Gerard Munyeshuri Gatete inspects a solar powered water pump on an 8-hectare farm in Barija Sector in Nyagatare District, Eastern Province. It pumps water 60 metres underground to irrigate his crops during drought.
Gatete said that before getting the technology one year ago, he and family members who co-own the farm would harvest about one tonne of beans per hectare, but now they harvest 2.5 tonnes.
For maize, he said, the harvest was two tonnes but now it's about four tonnes per hectare. During the dry season, they were at the mercy of the mother nature.
The 30-year old told The New Times on Thursday that they got the Rwf22 million system thanks to support from Food and Agriculture Organization (FAO), and subsidies from Rwanda Agriculture Board (RAB).
The family paid only 25% of the cost of the technology (about Rwf5 million). It pumps about 3.5 cubic metres of water per hour.
"We used to run farming activities in two seasons only because we could not irrigate. We could not grow vegetables and watermelons because they need a lot of water," he said, adding that they now grow the crops throughout the year.
Indeed, water for irrigation is becoming a vital input for agriculture productivity due to drought, says Otto Vianney Muhinda, FAO Assistant Representative in Rwanda.
Muhinda concurs with Eugene Rurangwa, the Land and Water Officer for Regional Office for FAO, that water is the main input in agriculture, since without it, no production can be possible.
But, the agriculture experts told The New Times that farmers, especially smallholders, do not have access to water, or technologies to make use of water when it is available in their localities, which necessitate sinnovative ways to enable them access water.
Speaking on Wednesday during a training workshop on solar powered irrigation in Eastern Africa held in Rwanda last week, Rurangwa said the high cost and environmental impact such as gas emissions associated with diesel-fueled pumping systems led FAO to initiate a new technology - a solar-powered irrigation system.

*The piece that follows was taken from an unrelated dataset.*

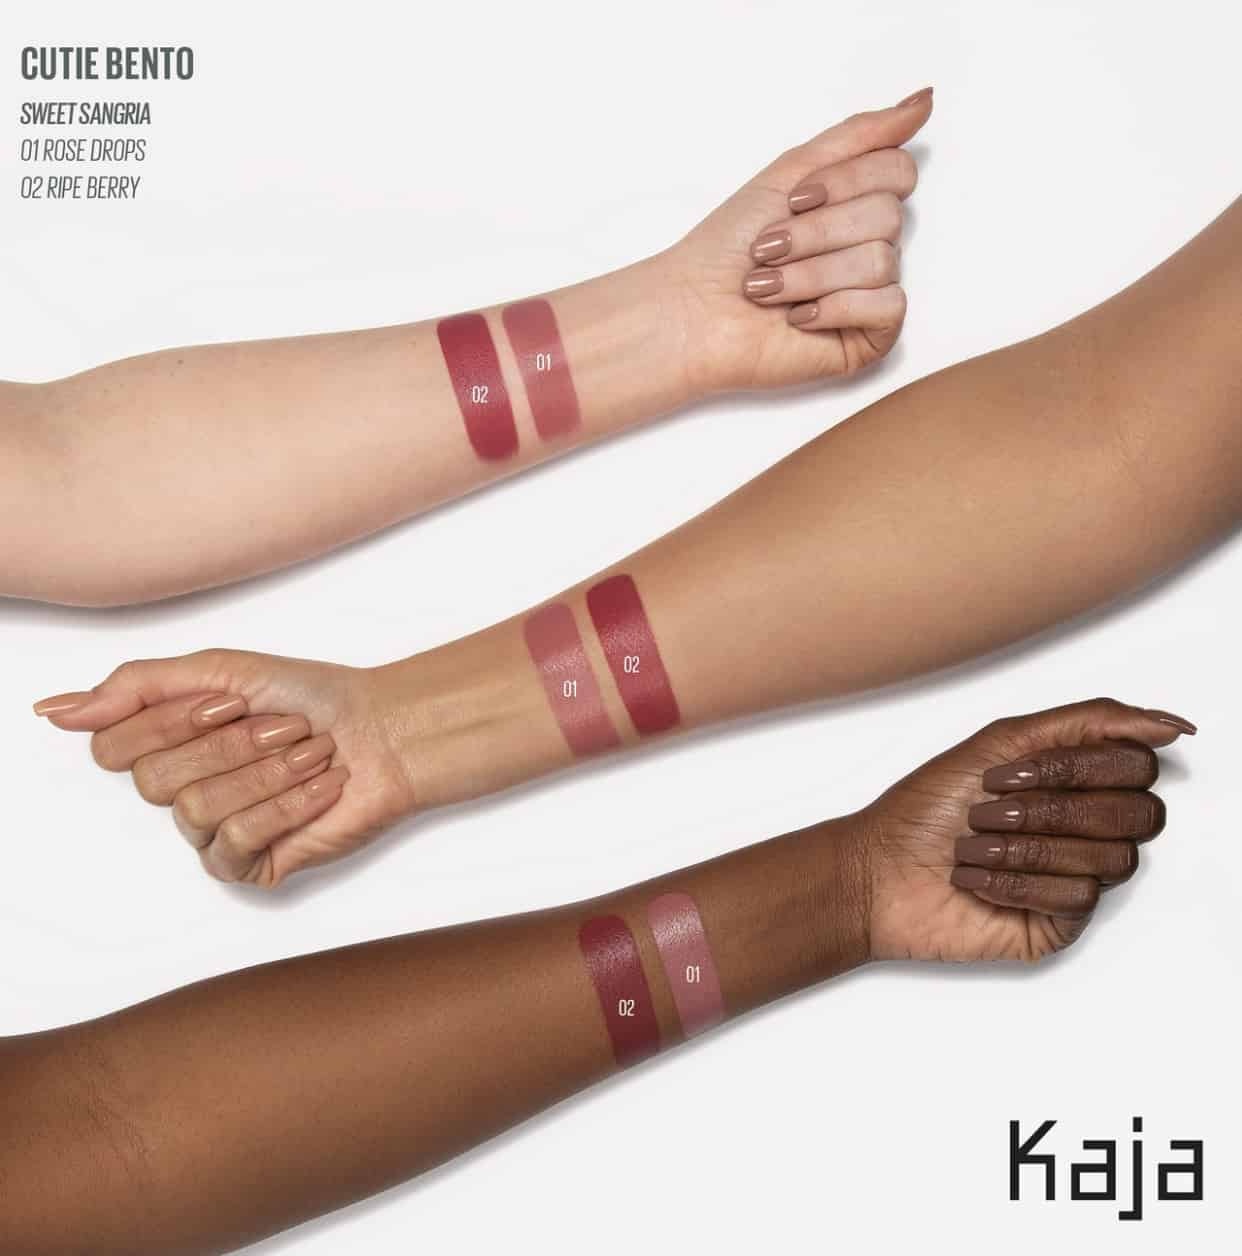 Kaja Cutie Bento Creamy Lip & Cheek Duo

The system, he said, is affordable and environmental-friendly as it makes use of the sun to utilise water, especially underground water for communities living in areas with no water bodies such as rivers, and lakes.
Experts say that solar-powered irrigation could be a solution to East Africa's drought prone agriculture.

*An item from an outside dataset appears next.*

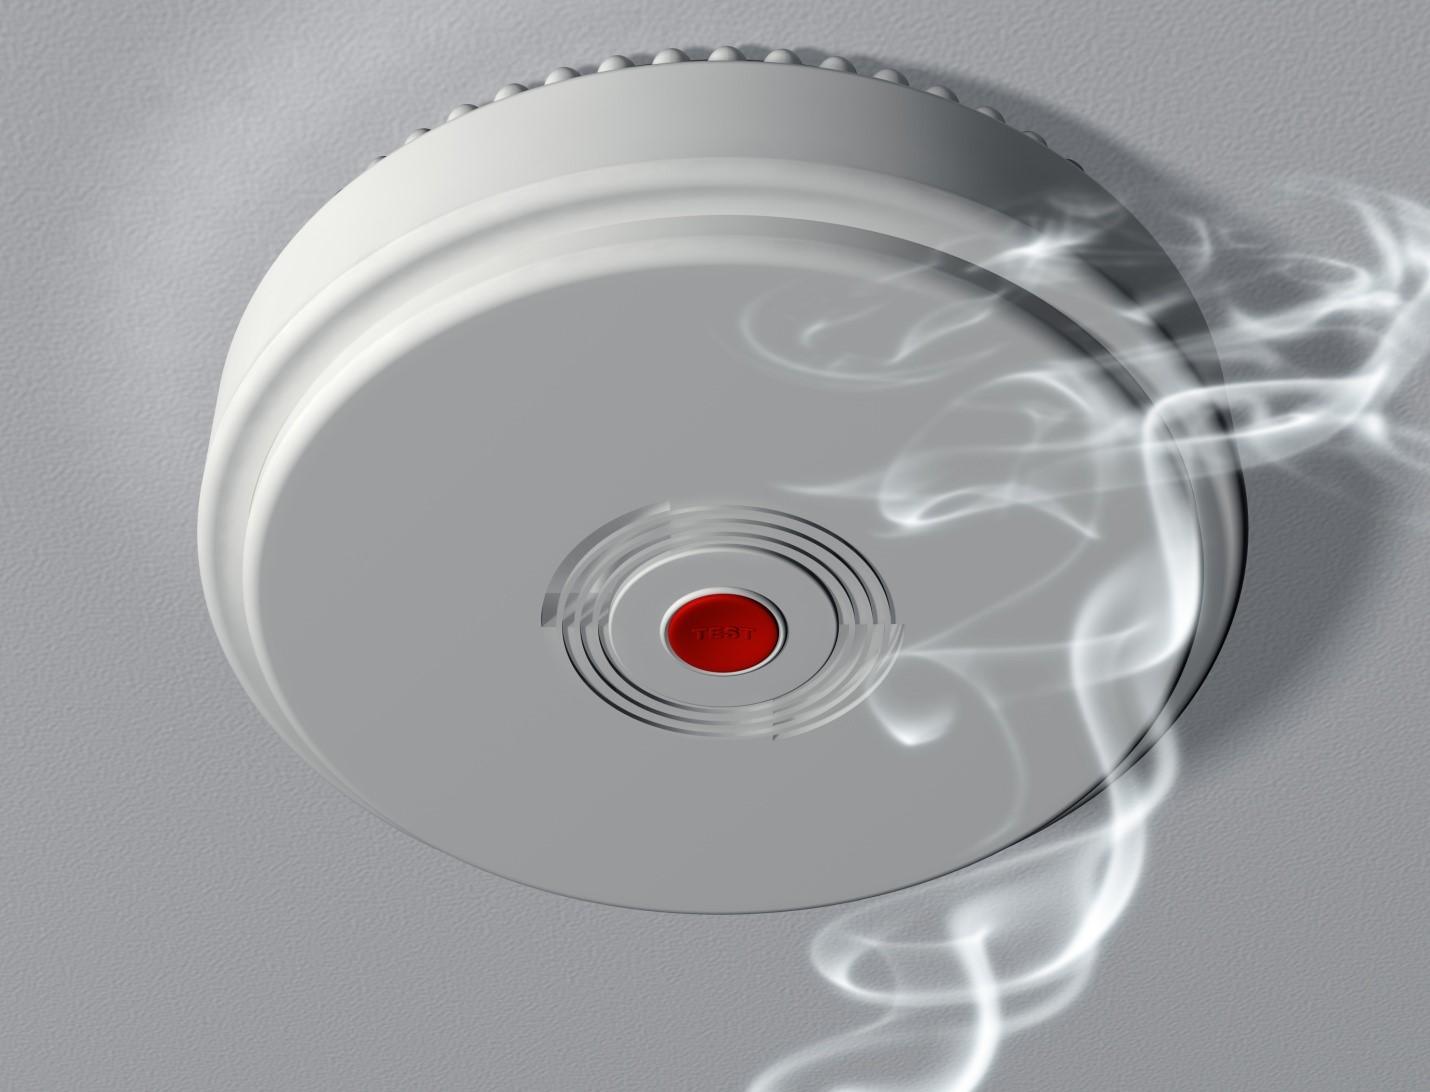 Smoke under smoke alarm

According to the World Bank, many communities around the world have limited access to water. To reach deep groundwater reserves, diesel generated electricity is used in rural villages to power electric water pumps despite its high maintenance and diesel fuel requirements, the Bank says.
Rurangwa said that they have since started testing the technology in Gambia, Mali, Niger, Kenya, Uganda, and in Rwanda.
"We will see how it is working, how it can be improved and make it profitable for our communities. Profitable means how we can improve the efficiency by reducing the installation cost," he said.
The World Bank says that the price for solar panel reduced by 80% over the last seven years, making it affordable.
The Minister of State in charge of Agriculture at the Ministry of Agriculture and Animal Resources, Fulgence Nsengiyumva, said that irrigation was among the tools that help improve farm yield and reduces vulnerability to changing rainfall patterns.
He said as part of efforts to address drought, which threatens Rwanda's agriculture and food security, the government initiated a sustainable small scale irrigation whereby it subsidises the cost of irrigation equipment by 50%.
Cost of system
Under the initiative, he said, the Ministry of Agriculture and Animal Resources allocate Rwf2.5 billion annually for subsidies on small scale irrigation technologies.
"In addition, one of the factors that inhibit small scale-irrigation technologies is the high cost of fuel. In this regard, the introduction of solar-powered irrigation in our country presents an opportunity to abandon the high operating cost of fuel-powered generators," he said underscoring the need for partnership between government and private sector to scale up irrigation technologies that use solar energy.
Hanna Dohrenbusch, Head of Corporate Affairs at SunCulture, a company that provides solar powered irrigation solutions, said that they are more affordable than fuel-pumped irrigation systems as, by going solar, the farmer will not have to pay recurrent costs.
The company has solar-powered irrigation system called rainmaker, which includes 120 watt portable solar panel, portable battery, controller, and the pump.
Talking about the cost, Dohrenbusch said, for system with capacity to irrigate 1.5 acres (equivalent to more than half a hectare), a farmer pays about $418 (or about Rwf350,000).
Usually, she said, a farmer pays $200 (about Rwf170,000) per month for fuel to run a diesel-powered engine to irrigate one acre.
"It is ideal for smallholder farmers. The panel lasts for 25 years, while the battery has a life-span of three years," she said.
The system has been working in Kenya since October 2017, she said, noting that they are also looking to bring it to Rwanda.
To ensure more efficiency in irrigation, she said that farmers should prefer using drip irrigation as it uses about 80% less water as water directly goes onto the roots of crops, than flood irrigation which includes of spreading water onto plants or soil.
Agriculture sector accounts for more than half of total employment in sub-Saharan Africa, and over 70 per cent in East African Community (EAC), according to FAO.
The sector contributes about 32 per cent to EAC's combined Gross Domestic Product (GDP) of $146 billion as per the Community's statistics for 2016.
But less than 10% of agriculture in the region is irrigated, making farms highly prone to drought as they are largely rain-fed.